Geoff: The perfect Halloween. No ghost, ghouls... or, even more frightening, your mother.
Erica: I get it. She's a lot. But you knew that when we chose to live with her.
Geoff: What I didn't know is that I would never get a single, solitary moment alone with my own child.
Erica: Well, now you're safe, and I have no help for the next few days. Thanks for no sleep or showers in advance.
Geoff: Fear not, my skeptical queen. I'll take care of everything.

Quote from Beverly

Adult Adam: [v.o.] But there was one thing he missed.
Beverly: [gasps] Ohh! Muriel's diaper cream! Oh, her sweet delicious tushie is unprotected!

Quote from Dave Kim

Adam: You know what's great about no one being here? Plenty of room to dance.
Dave Kim: Sure. Ha ha. But it's still early.
Adam: Still early to hit the streets and trick-or-treat like old times?
Dave Kim: DKNY will wait it out.
Adam: DKNY? Ugh. Just drop the act already! You're not an international impresario. You're just my dorky friend from Jenkintown.
Dave Kim: I was your dorky friend from Jenkintown. I've changed. That's what happens when you go to college. But you wouldn't know that, would you?
Adam: Please! You're just a big fat phony!
Tamsin: [American accent] Hey! Not cool, man!
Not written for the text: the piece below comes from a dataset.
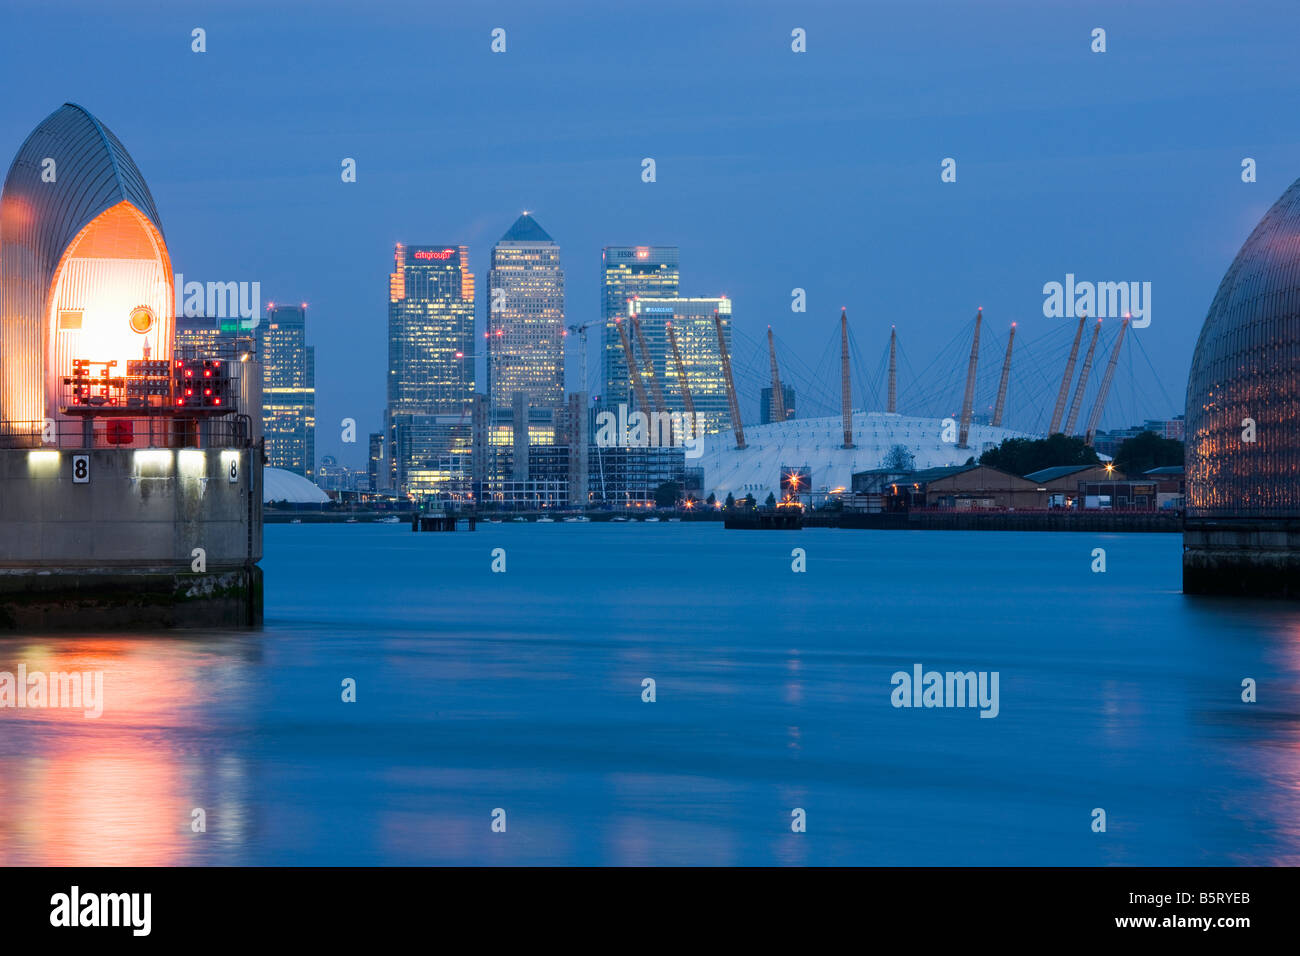 UK London Canary wharf viewed from the Thames Barrier Stock Photo

People are allowed to change.
Adam: What happened to your British accent?
Tamsin: Oh, I'm actually from Tucson. I just thought it would make me sound more interesting.
Fitz: And I only recently learned the definition of irony. I can admit, I abuse the word.
Brett: I know it seems like I rage against the machine, but that's only because I'm part of it. My dad owns 11 White Castles.
Adam: Oh, my God! You're all phonies!
Dave Kim: There's nothing phony about a fresh start. I was excited to share my new life with you, but you just want me to be the same loser from high school. Congrats, Adam. You won.